Surprisingly, the industrial jobs, while producing more secure incomes, did not yield higher incomes than the control group and incomes were highest in the entrepreneur group. On intention-to-treat analysis the industrial jobs resulted in worse mental health than experienced in the entrepreneurial group, and physical health was also slightly worse. Many left the jobs in firms during the one year follow-up period. In qualitative interviews many said that they accepted industrial jobs only as a form of security while looking for other opportunities.

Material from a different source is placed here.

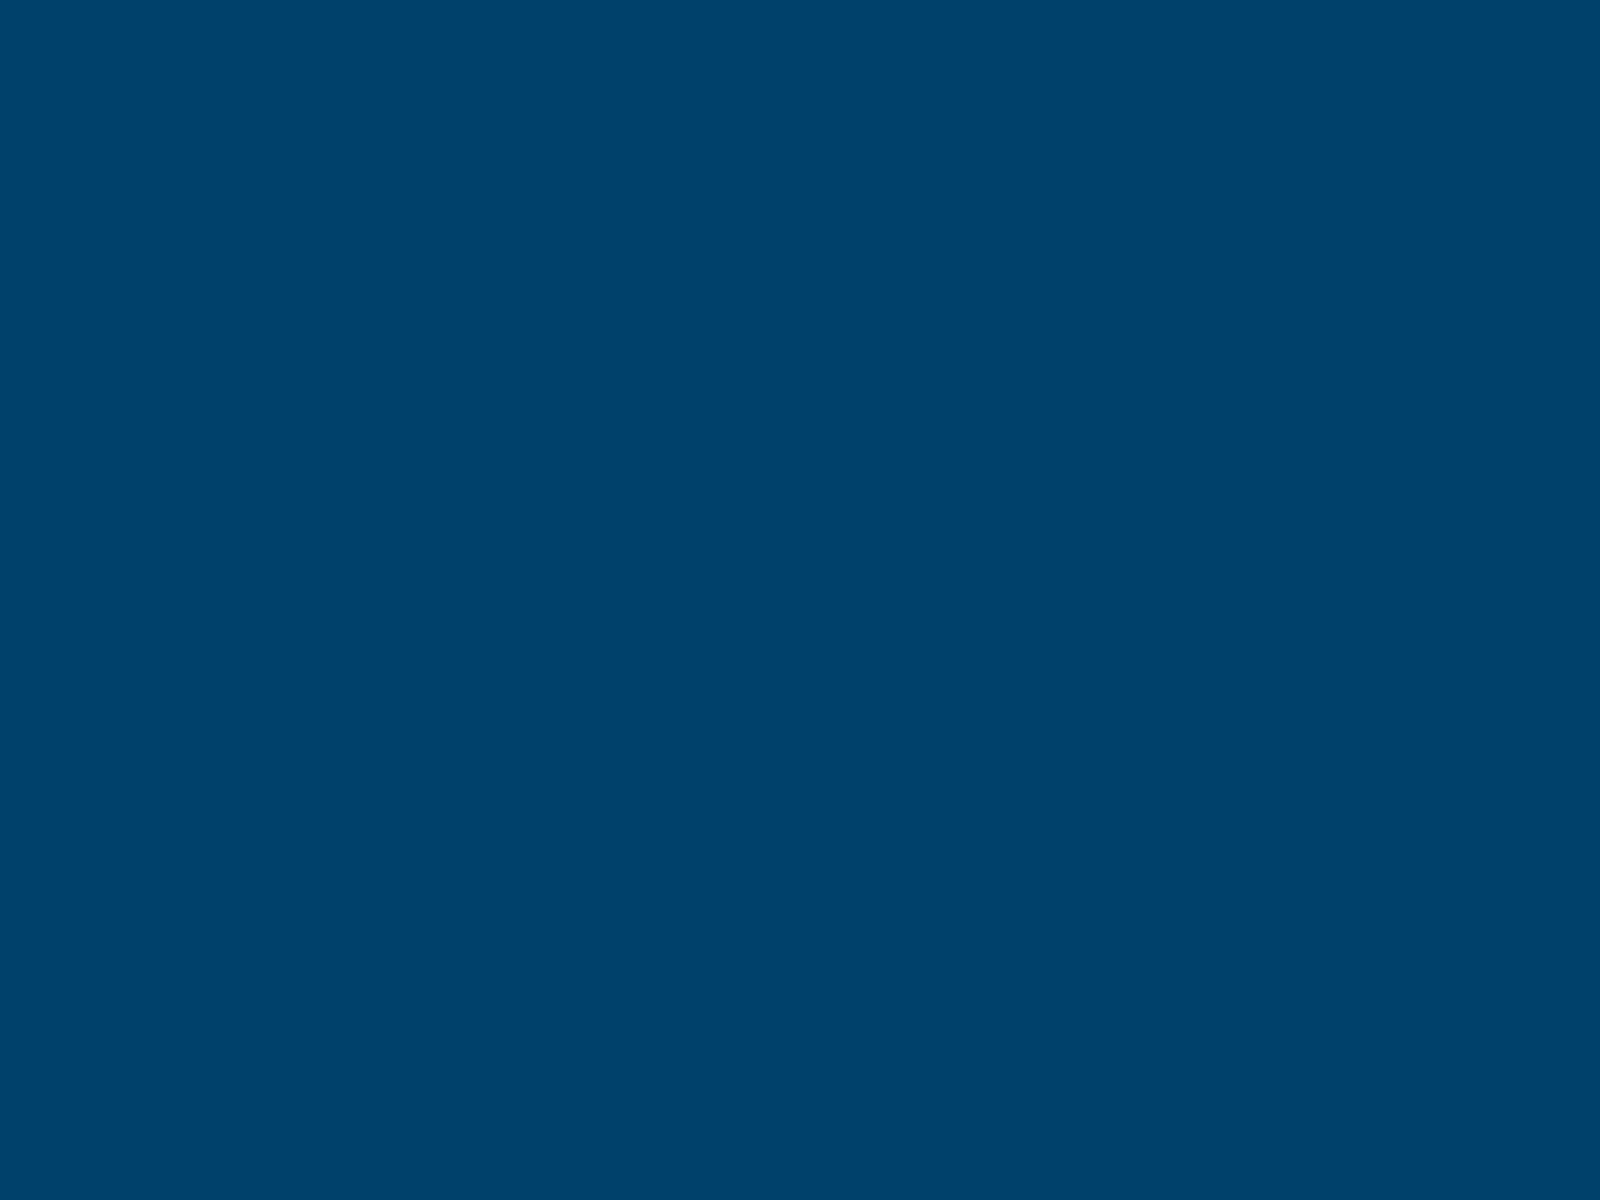 1600x1200 Indigo Dye Solid Color Background

The authors, aware that rising minimum wages or increasing regulations have costs to society, are cautious in their conclusions. The paper is interesting nevertheless. The CLAHRC WM Director would like to do an RCT of paying a minimum wage vs. a slightly higher wage threshold to determine effects on productivity and wellbeing, positing an effect like this:

065-dcv-fig-1

— Richard Lilford, CLAHRC WM Director

Reference:

  1. Blattman C & Dercon S. Occupational Choice in Early Industrializing Societies: Experimental Evidence on the Income and Health Effects of Industrial and Entrepreneurial Work. SSRN. 2016.

History of Controlled Trials in Medicine

Rankin and Rivest recently published a piece looking at the use of clinical trials more than 400 years ago,[1] while Bothwell and Podolsky have produced a highly readable historical account of controlled trials.[2] Alternate treatment designs became quite popular in the late eighteenth century, but Austin Bradford Hill was concerned with the risk of ‘cheating’ and carried out an iconic RCT to overcome the problem.[3] But what next for the RCT? It is time to move to a Bayesian approach,[4] automate trials in medical record systems, and widen credible limits to include the risk of bias when follow-up is incomplete, therapist is not masked, or subjective outcomes are not effectively blinded.

— Richard Lilford, CLAHRC WM Director

References:

  1. Rankin A & Rivest J. Medicine, Monopoly, and the Premodern State – Early Clincial Trials. N Engl J Med. 2016; 375(2): 106-9.
  2. Bothwell LE & Podolsky SH. The Emergence of the Randomized Controlled Trial. N Engl J Med. 2016; 375(6): 501-4.
  3. Hill AB. The environment and disease: Association or causation? Proc R Soc Med. 1965; 58(5): 295-300.
  4. Lilford RJ, & Edwards SJL. Why Underpowered Trials are Not Necessarily Unethical. Lancet. 1997; 350(9080): 804-7.